Fourier Analyses of Stagger-Period Sequences**

Abstract

Stagger-period sequences are a kind of temporal sequences, but Fourier analysis for a uniform-period sequence is not available to a stagger-period sequence; it means that the analytic conclusions would be misleading. We first define essential concepts related to a stagger-period sequence and a stagger-lag autocorrelation matrix, and propose a Fourier transform pair of a staggerperiod deterministic sequence and its spectrum; we analyze properties related to this transform pair, such as the orthogonality of a complex exponential sequence, spectral periodic extension, Toeplitz of circularly stagger-lag matrix and the staggered Paseval’s theorem, etc.; we verify inverses of each other of this pair, and derives a convergence condition of the transform.
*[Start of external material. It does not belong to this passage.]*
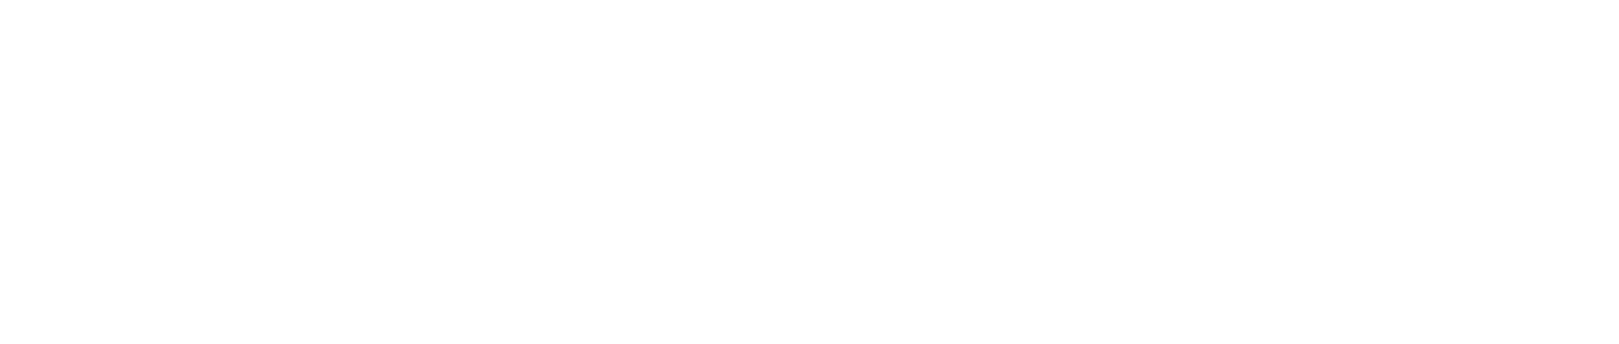 Moody's Logo groß für dunkle Hintergründe (transparentes PNG)
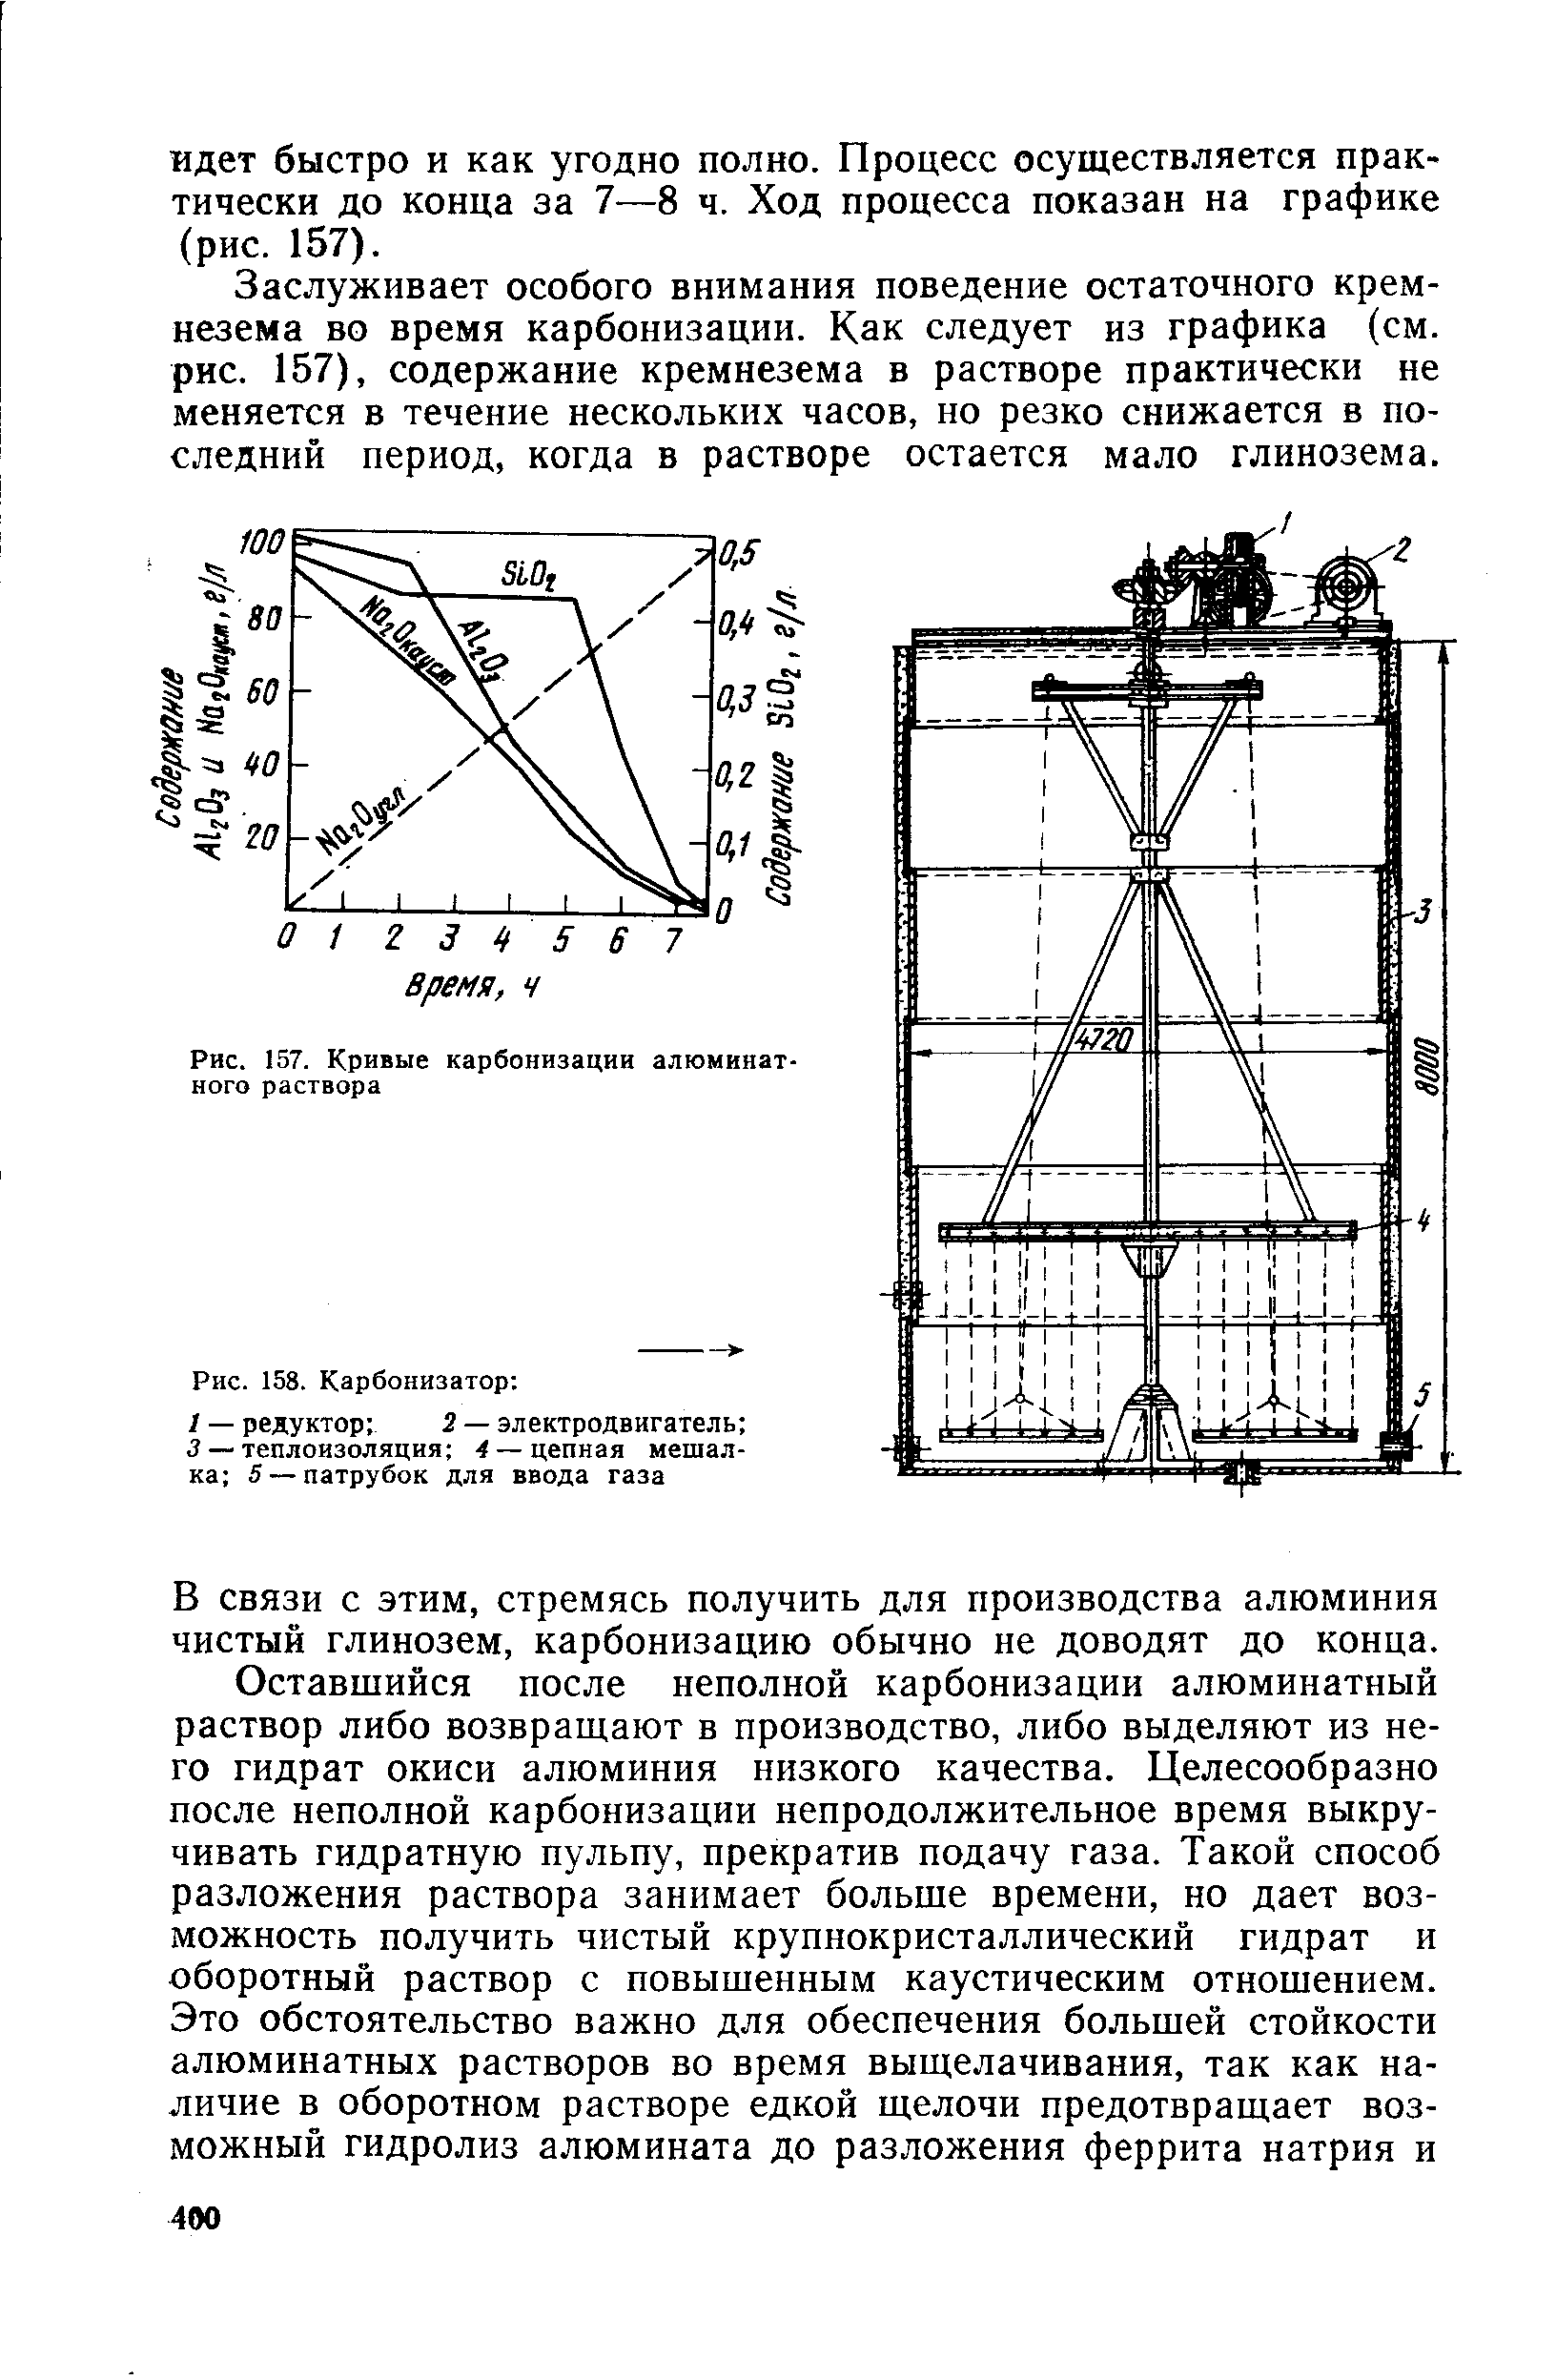 Рис. 157. Кривые карбонизации алюминатного раствора

Then, another Fourier transform pair of a stagger-lag autocorrelation matrix and its power spectrum density, properties related to this pair, inverses of each other of this pair and a convergence condition of the transform, in this paper, are also studied. During analyzing, the similarities and differences between the uniform-period and stagger-period counterparts are discussed. Two applications of these Fourier analyses, search of optimal stagger periods and spectrum estimation of stagger-period sequences, are also described in details. In the end, the advantages and methodology of this study are summarized.